Кроме того, принципиальная фоновая чужеродность описываемого создает эффект остранения. Не способный полностью отождествить себя с немецким пространством герой созерцает и описывает увиденное, балансируя на границе знакомого и незнакомого. Данная амбивалентность, в
свою очередь, находит свое выражение в карнавальных мотивах. Они дополняют образ идиллической филистерской Г ермании, а не отменяют его. Профанное будничное и карнавальное травестированное начала являются частями единого целого. Ведь, как подчеркивает М.М. Бахтин, народноплощадная карнавальная культура - это «сама жизнь, но оформленная особым игровым образом» [1].
Наиболее прямо карнавальные черты проявляются в посвященном Г ермании стихотворении Саши Черного, которое так и называется -«Карнавал в Гейдельберге». Карнавал переиначивает правила будничного хронотопа, искажает их, отсюда возникает мотив праздничного веселого безумия: «Город спятил» [3, С. 171]. В пространственном обозначении «город» кроется объединяющий тотальный дух карнавала. Идиллический локус является по преимуществу «семейно-родовым», и единство данного хронотопа основывается на связи поколений: «идиллическая жизнь и её события неотделимы от этого конкретного пространственного уголка, где жили отцы и деды, будут жить дети и внуки» [2, С. 374]. В то время как карнавальное начало, тоже, по мысли М.М. Бахтина, порождение первобытнообщинной жизни, порождает собственное единство за счет коллективного «помешательства», следования участниками одинаковым правилам игры. Точно так же Чеширский Кот устанавливал сходство Алисы с обитателями Страны Чудес - на основании безумия.

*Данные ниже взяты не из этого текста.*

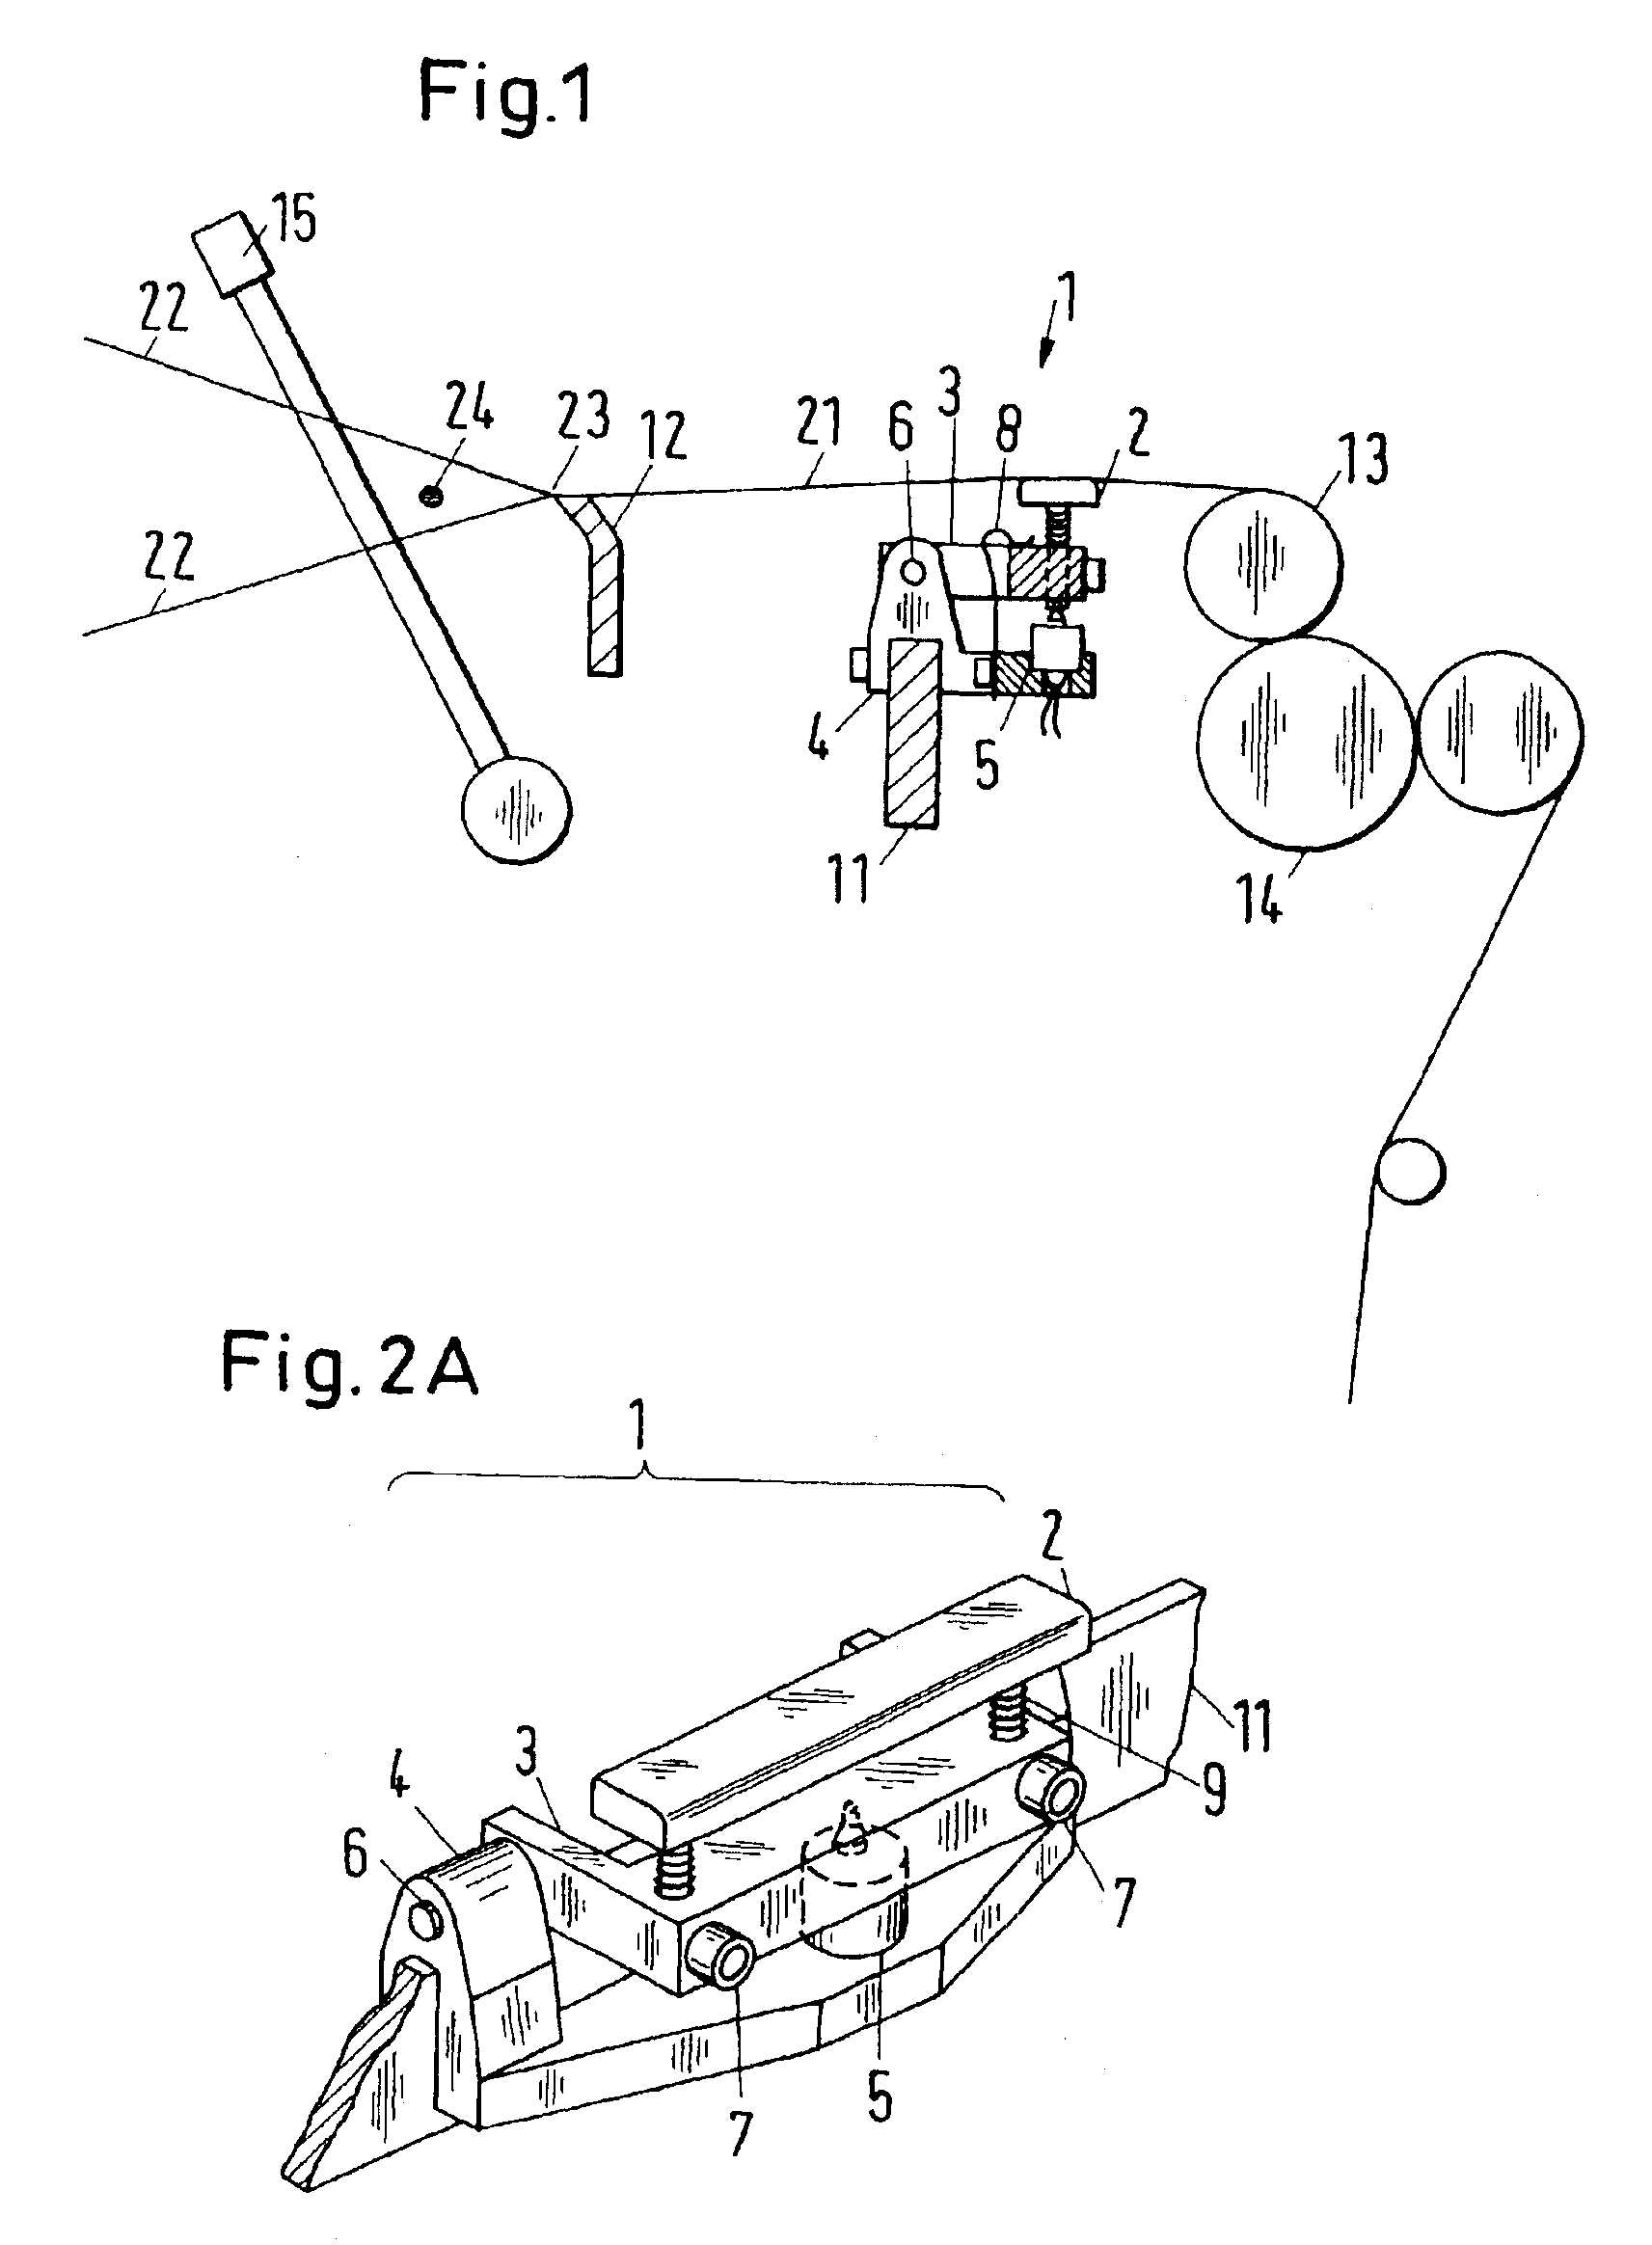 Measuring apparatus for measuring the cloth tension in a weaving machine and a weaving machine with a measuring apparatus of this kind

Единство становится лейтмотивом стихотворения С. Черного. Художественное пространство произведения населяют не индивидуумы, а обобщенные карнавальные группы: просто «люди», шествующие гурьбой «бродяги», «шумные пьяницы», «толпа» [4, С. 171], «хор студентов» [Там же, С. 172]. Взгляд наблюдателя, правда, выхватывает из этой пестрой толпы отдельные лица, но это лишь условные персонажи, а не конкретные личности: «Белый клоун надрывается белугой...» [Там же, С. 171]; «...судья навеселе / Пляшет джигу на столе, / .купец пищит котенком» [Там же, С. 172]. Как видим, стихия карнавальной травестии тотальна, она уподобляет людей животным на звукоподражательном уровне. Даже «глупый Михель» (здесь имя собственное используется в нарицательном смысле для обозначения типажного немецкого филистера) с не менее типажной «пышною супругой» [Там же, С. 171 ] на своем месте в карнавальном пространстве, уравнивающем умных и глупцов: «Люди все сегодня - дураки» [Там же]. Эгалитарный дух карнавала порождает образ братства: «Идут, как братья, шутя и ругаясь.» [Там же, С. 172]. Объединяющим карнавальным началом выступает смех: «.И все такие смешные... Смех людей
соединил.» [Там же]. Более того, на мотив всеобщего соединения работает и образ заполнившего воздушное пространство серпантина, который «... Сетью пестрых паутин, / Перевился и трепещет» [Там же, С. 171].
Соответственно, карнавал заполняет локус без остатка: в визуальном плане на земле (людские толпы) и в воздухе (серпантин, конфетти), а также на звуковом уровне описываемой художественной реальности («Треск хлопушек, свист и вой, / .Рвется в воздухе и плещет» [Там же]). Как
подчеркивает М.М. Бахтин, от карнавала «.некуда уйти, ибо карнавал не знает пространственных границ» [1]. Об этом отсутствии внутренних границ в рамках карнавального хронотопа свидетельствуют «открытые настежь пивные» [4, С. 171]. В образный ряд данного тотального объединения вписывается и метонимическое олицетворение: «Город счастлив и
доволен.» [Там же, С. 172]. Людским праздником охвачен весь локус без остатка. Время и пространство подчинено карнавалом своим законам, отголоском которых звучит строчка, отсылающая к средневековой традиции символической передачи власти на время карнавала королю дураков: «День во власти шумных пьяниц» [Там же, С. 171].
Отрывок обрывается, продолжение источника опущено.